Drag is the tendency of an object to move in the direction of the flow. The magnitude of drag depends on the current velocity, the shape and size of the organism and the density of the fluid. Drag is a dissipative process which generally results in the generation of heat.

In sea water, drag can be decomposed into two different forms: skin friction and pressure drag.
1. Skin friction: just like other frictional forces, skin friction is a consequence of the relative movement between the surface of the organisms and its fluid environment. Under conditions of low Re, where viscous forces dominate, the skin friction is apparent and is more important, although it is also present under high Re conditions.

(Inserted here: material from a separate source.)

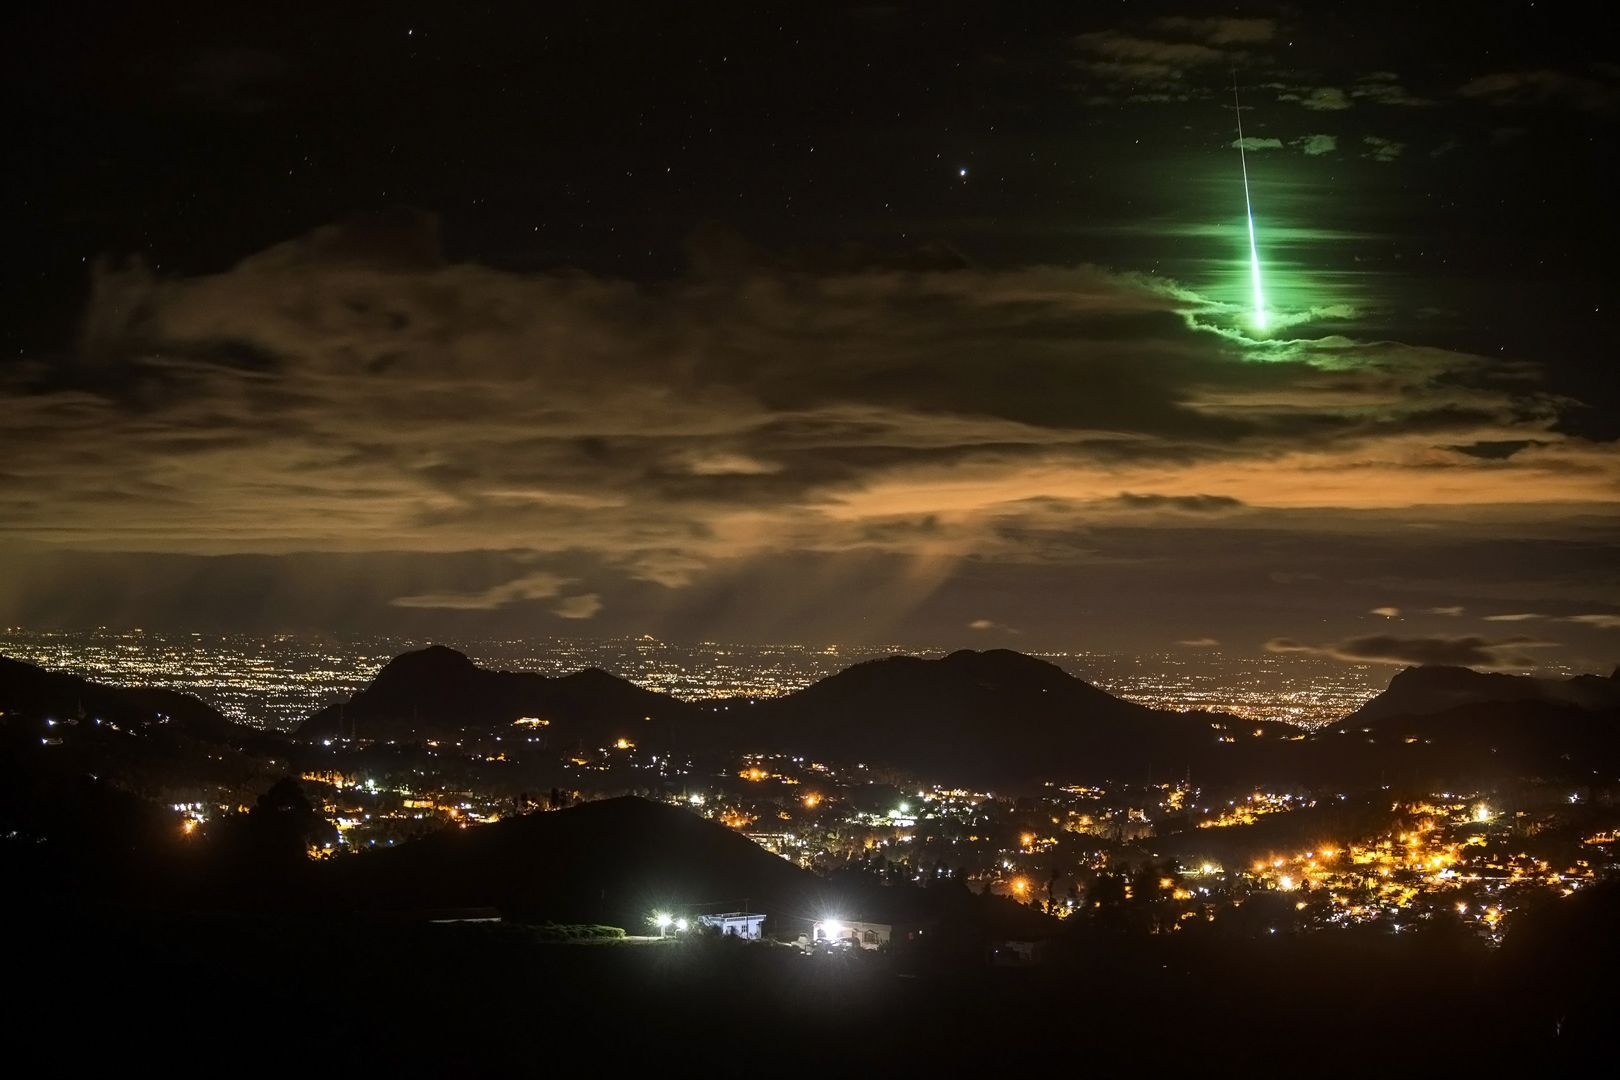 Japon : presque aussi brillant que la pleine lune, une boule de feu illumine le ciel nocturne Nippon

2. Pressure drag: pressure drag is a result of the pressure difference in front of, and behind, an organism. Incidentally, the shape that has the lowest pressure drag coefficient is a hollow hemisphere oriented in the direction of fluid flow. In the oceanic environment plants and settled animals have bodies that are soft and flexible in order to minimize the effects of pressure drag.

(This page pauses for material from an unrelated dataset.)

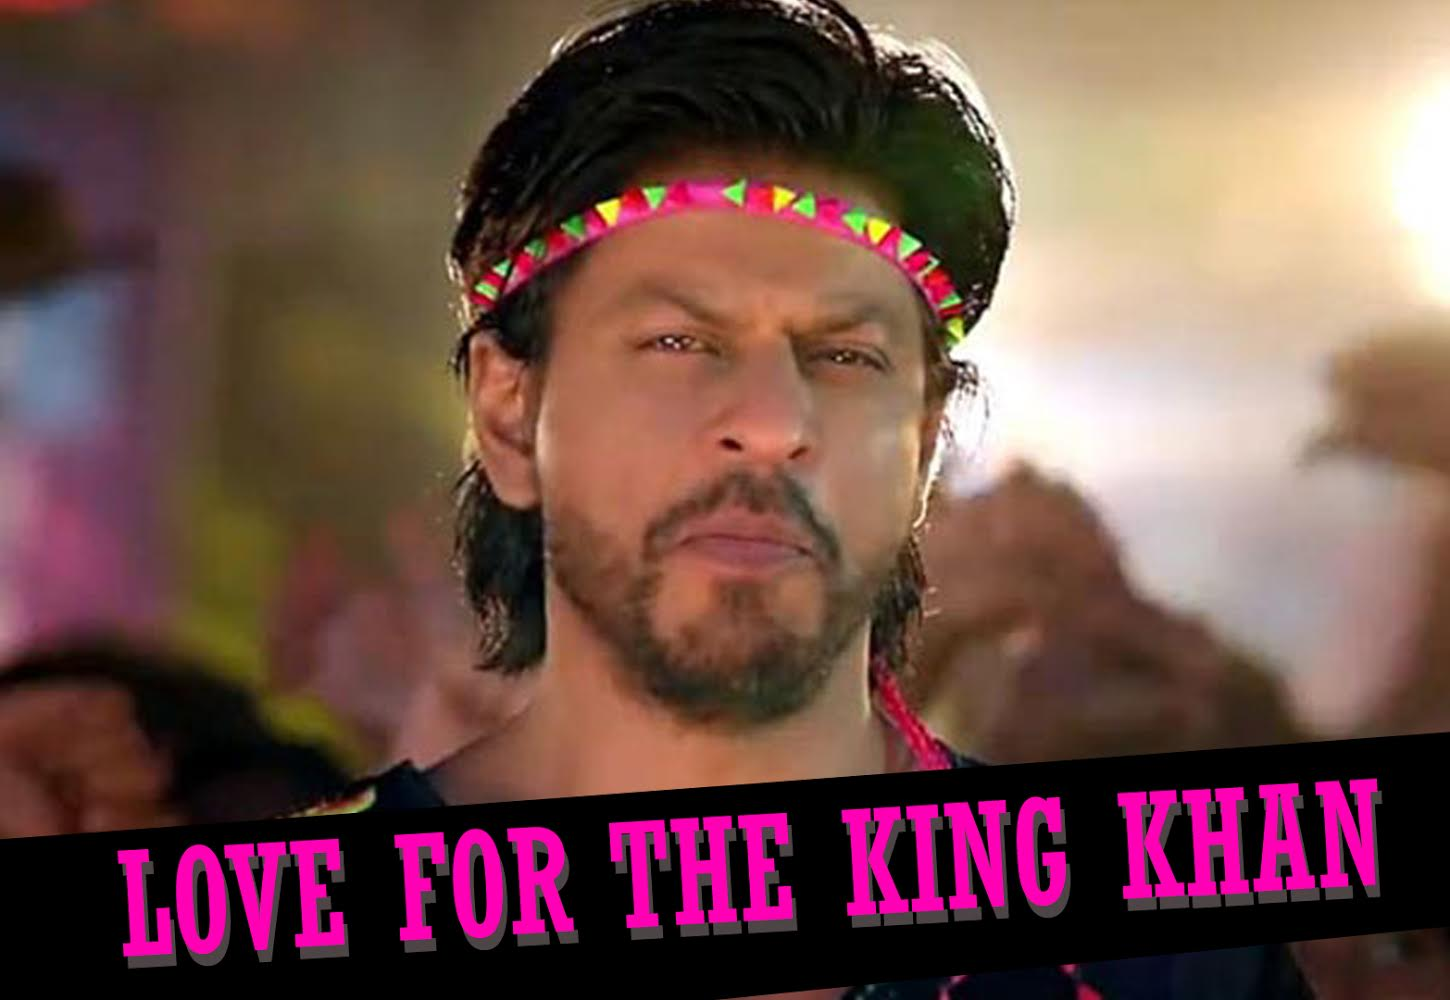 LoveForKingKhan

Besides being soft and flexible, organisms have other methods to minimize drag.
- Smooth skin: dolphins have little tear drops in their skin which traps some water so water flows over the water that is trapped. The skin feels soft and flaky and sheds every two hours. This helps dolphins swim through the sea water at high speed.
- Shark skin: the surface of shark skin is covered with tiny 'teeth' or dermal denticles. The shape and positioning of these denticles varies across the shark's body, altering the flow of water in a way to minimize form drag.
- Barracuda skin: Barracuda have hundreds of skin conduits which force the fluid flows to follow the parallel tubes and become laminar. Again, this arrangement decreases water drag.